Start of Block

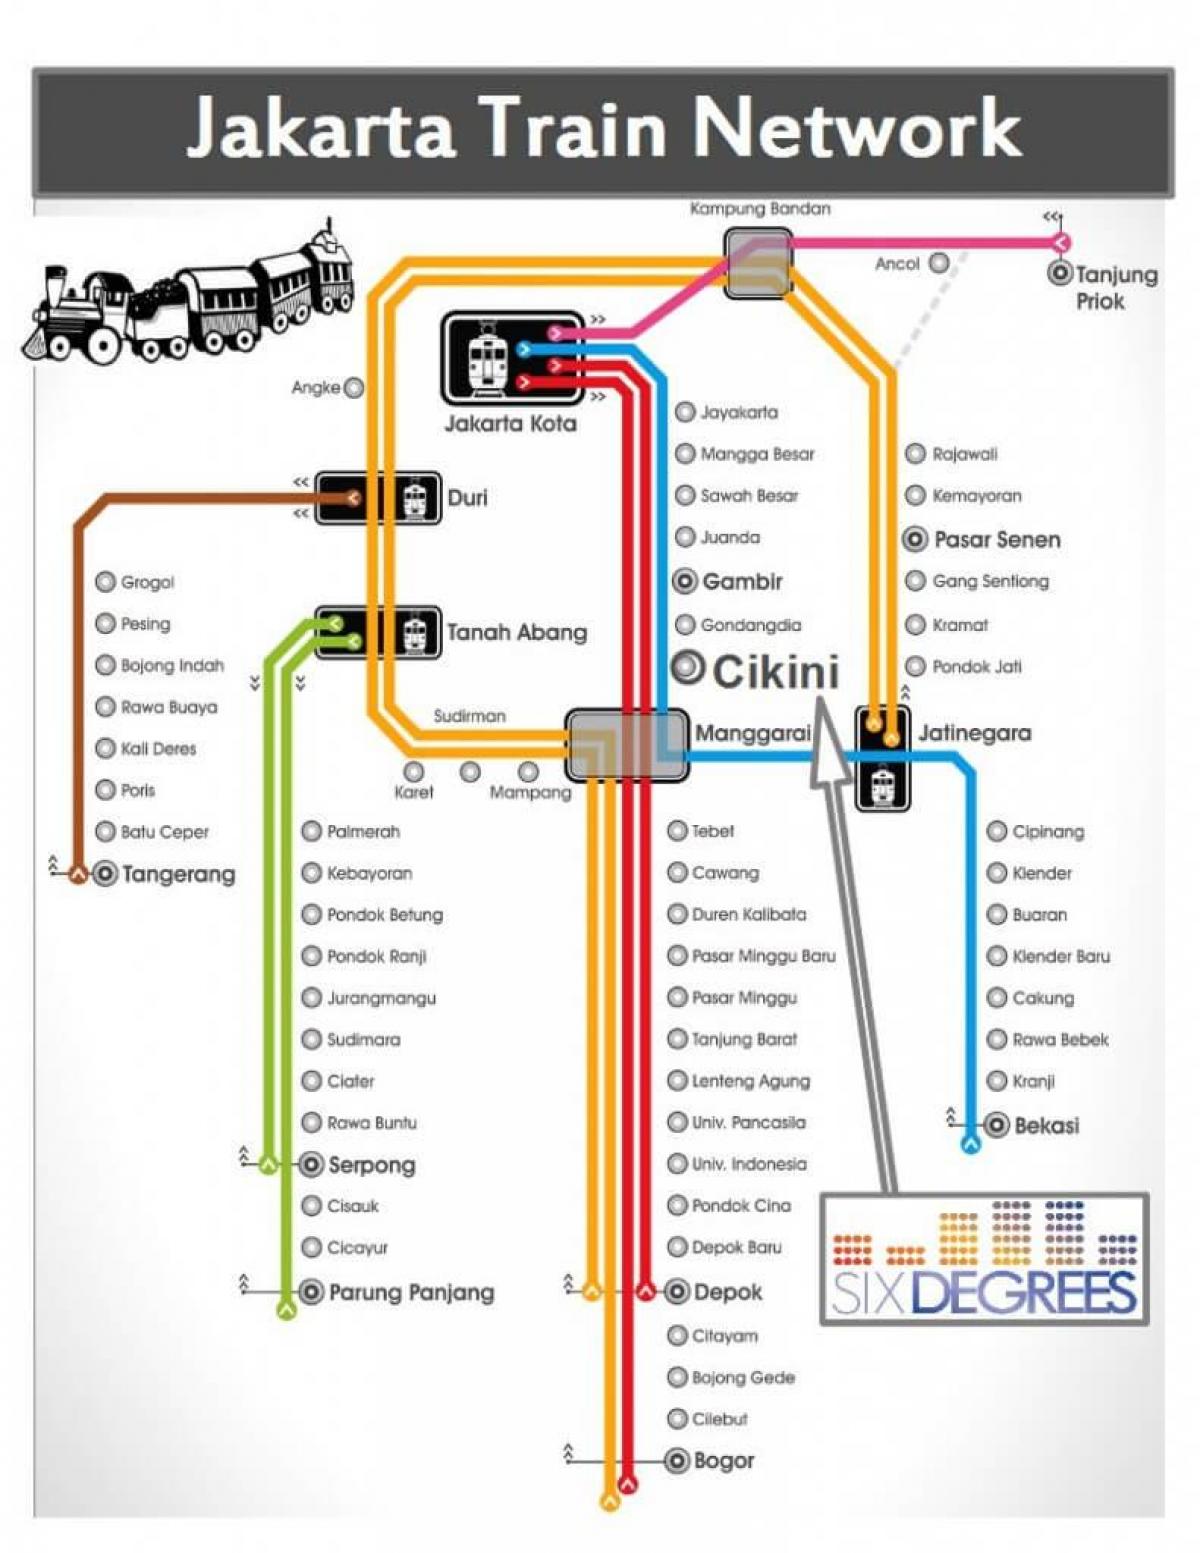 mapa de Jakarta de l'estació de tren
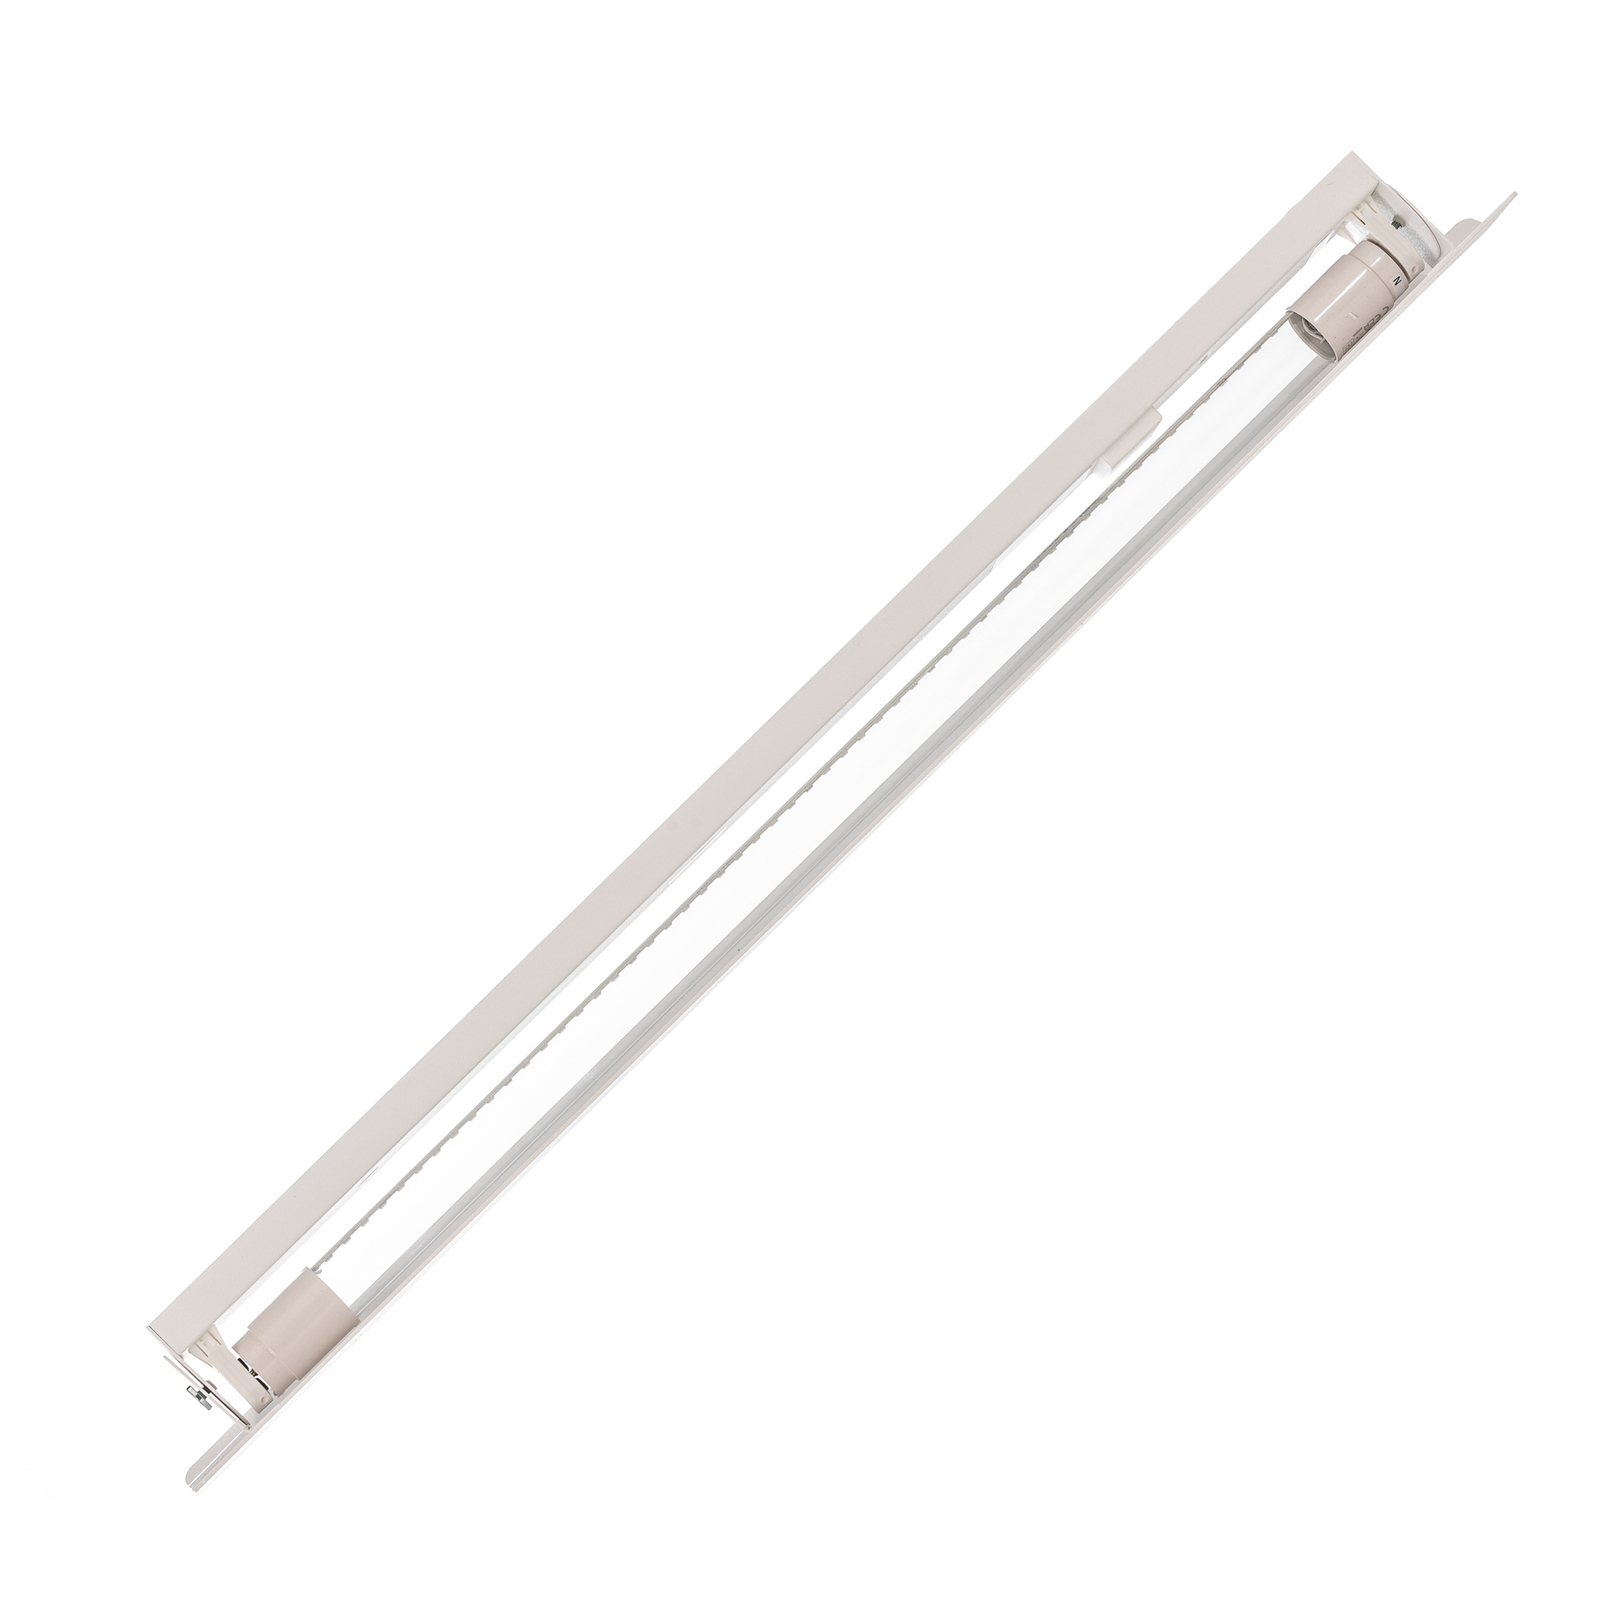 Vägglampa Wing, vit, stål, strömbrytare, 68 cm bred
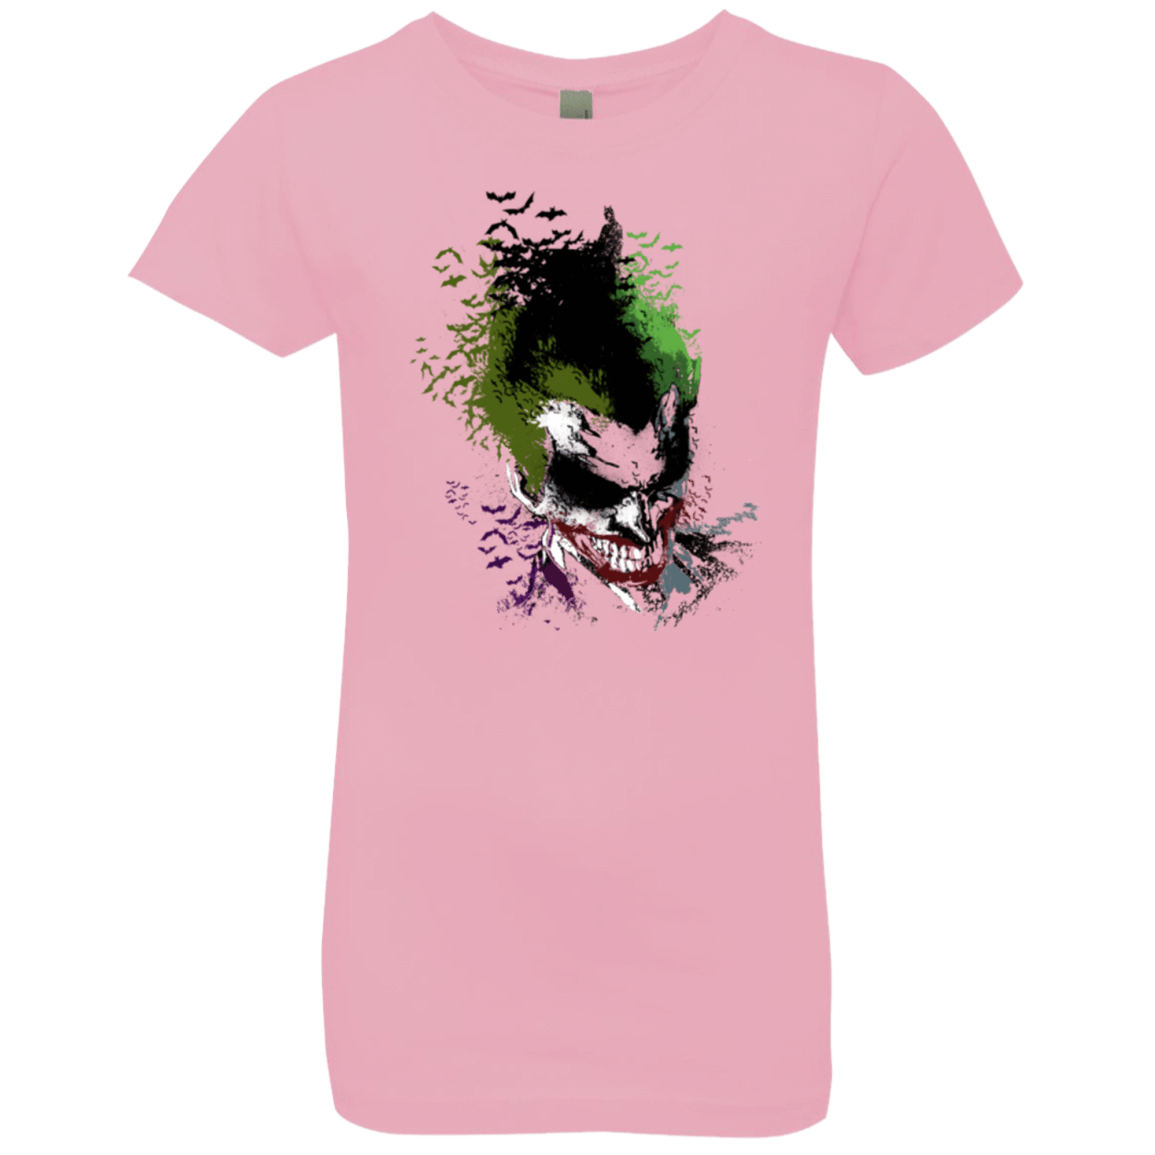 T-Shirts Light Pink / YXS Joker 2 Girls Premium T-Shirt
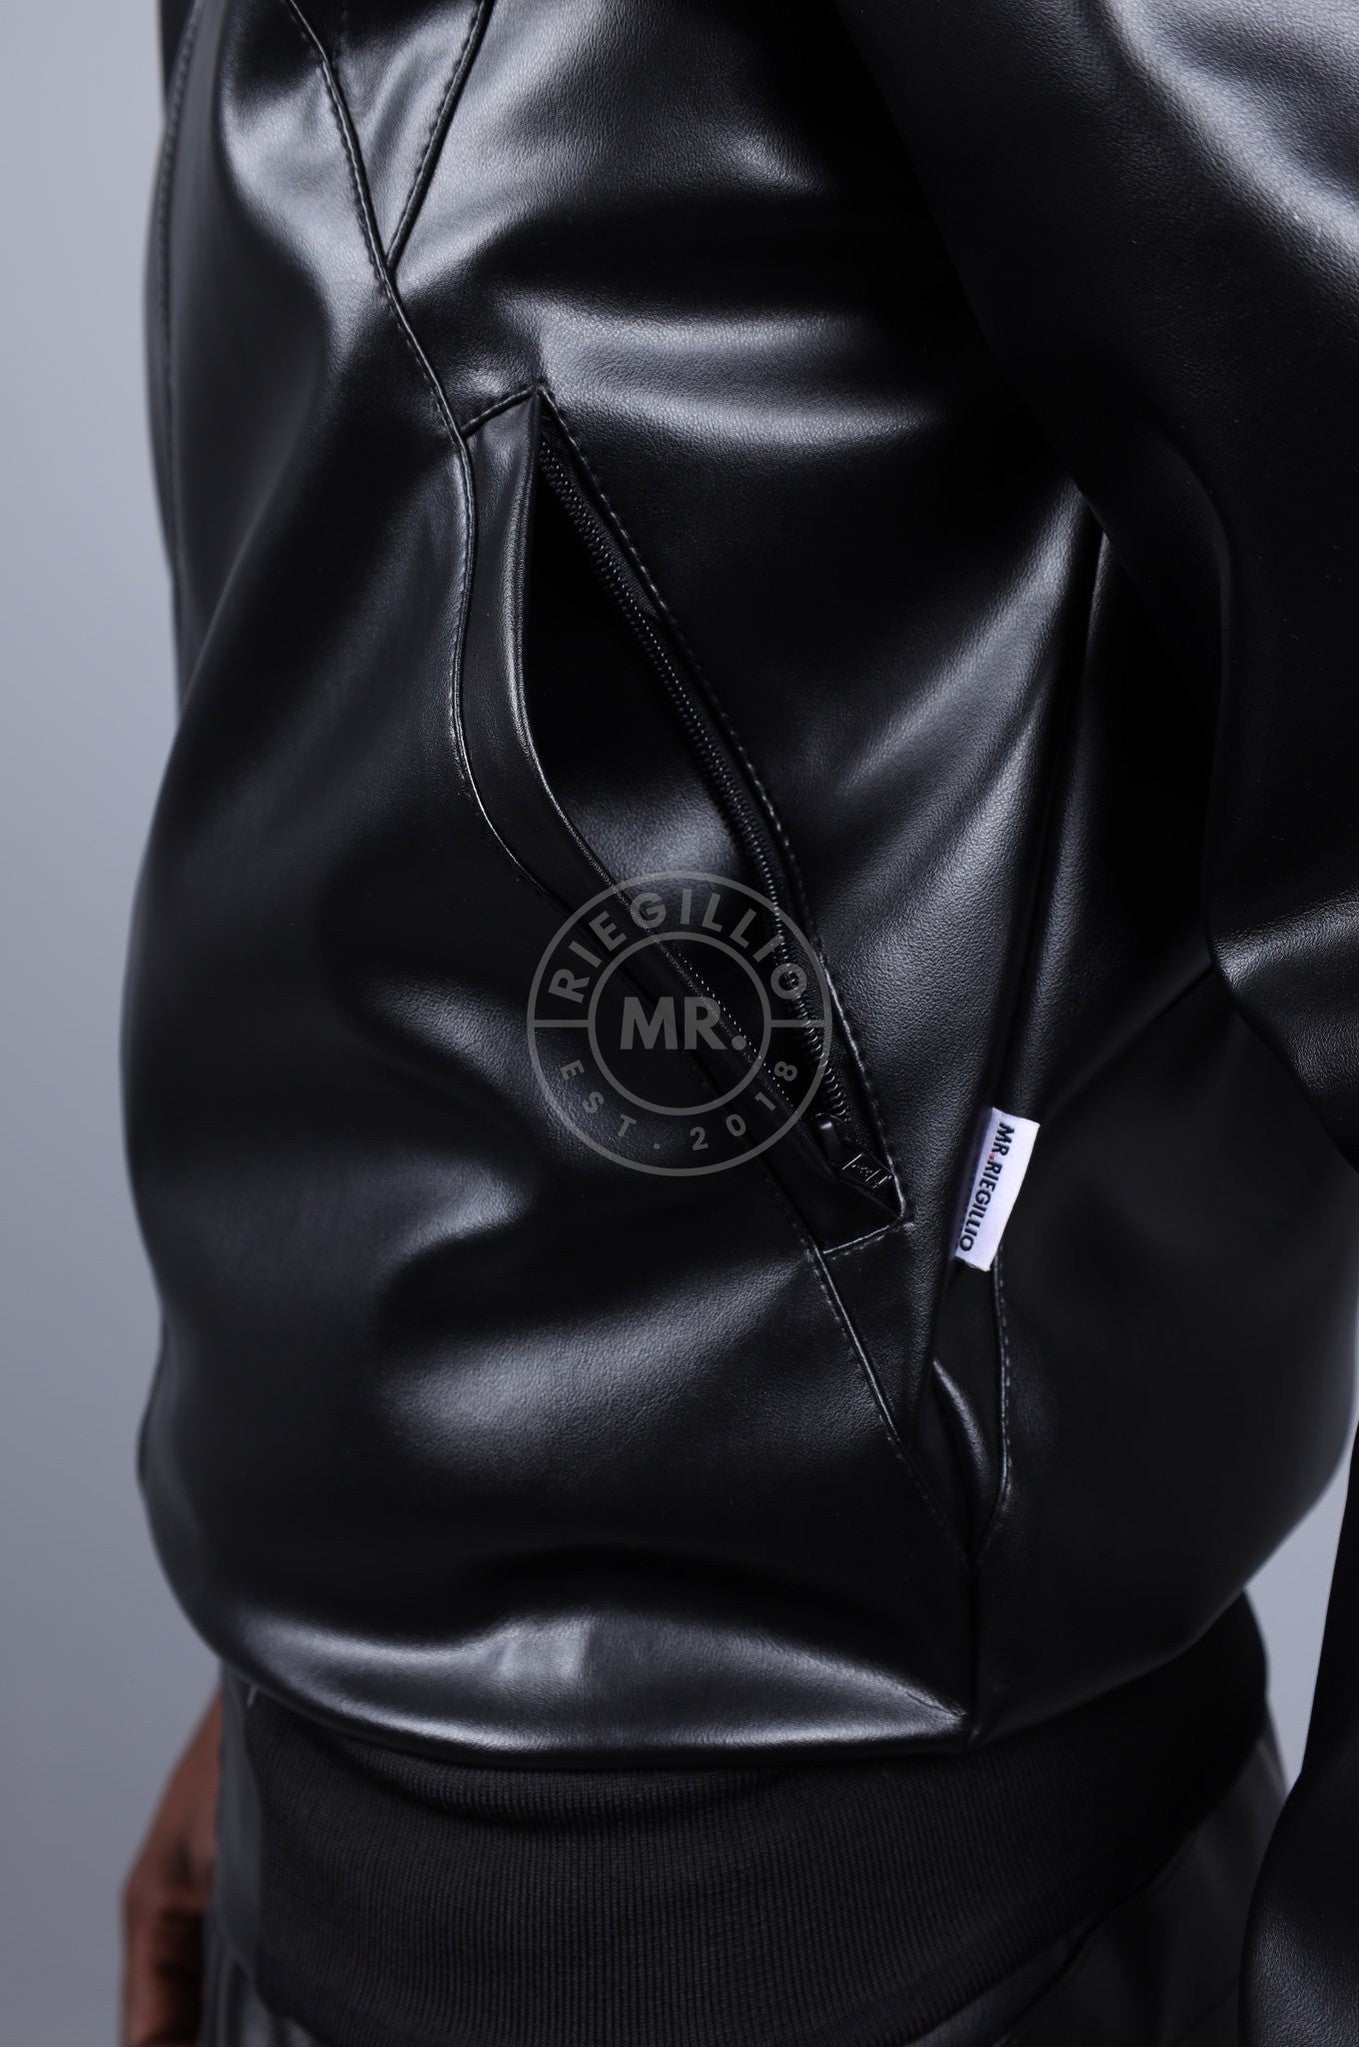 MR. 24 Tracksuit Jacket - Black at MR. Riegillio

End of Block

→ TRY IT
Reproduce word for word only the lines between the line containing "Vägglampa Wing, vit, stål, strömbrytare, 68" and the end of the listing above, both included, and drop any pictures.

→ RESULT
 Vägglampa Wing, vit, stål, strömbrytare, 68 cm bred
 T-Shirts Light Pink / YXS Joker 2 Girls Premium T-Shirt
 MR. 24 Tracksuit Jacket - Black at MR. Riegillio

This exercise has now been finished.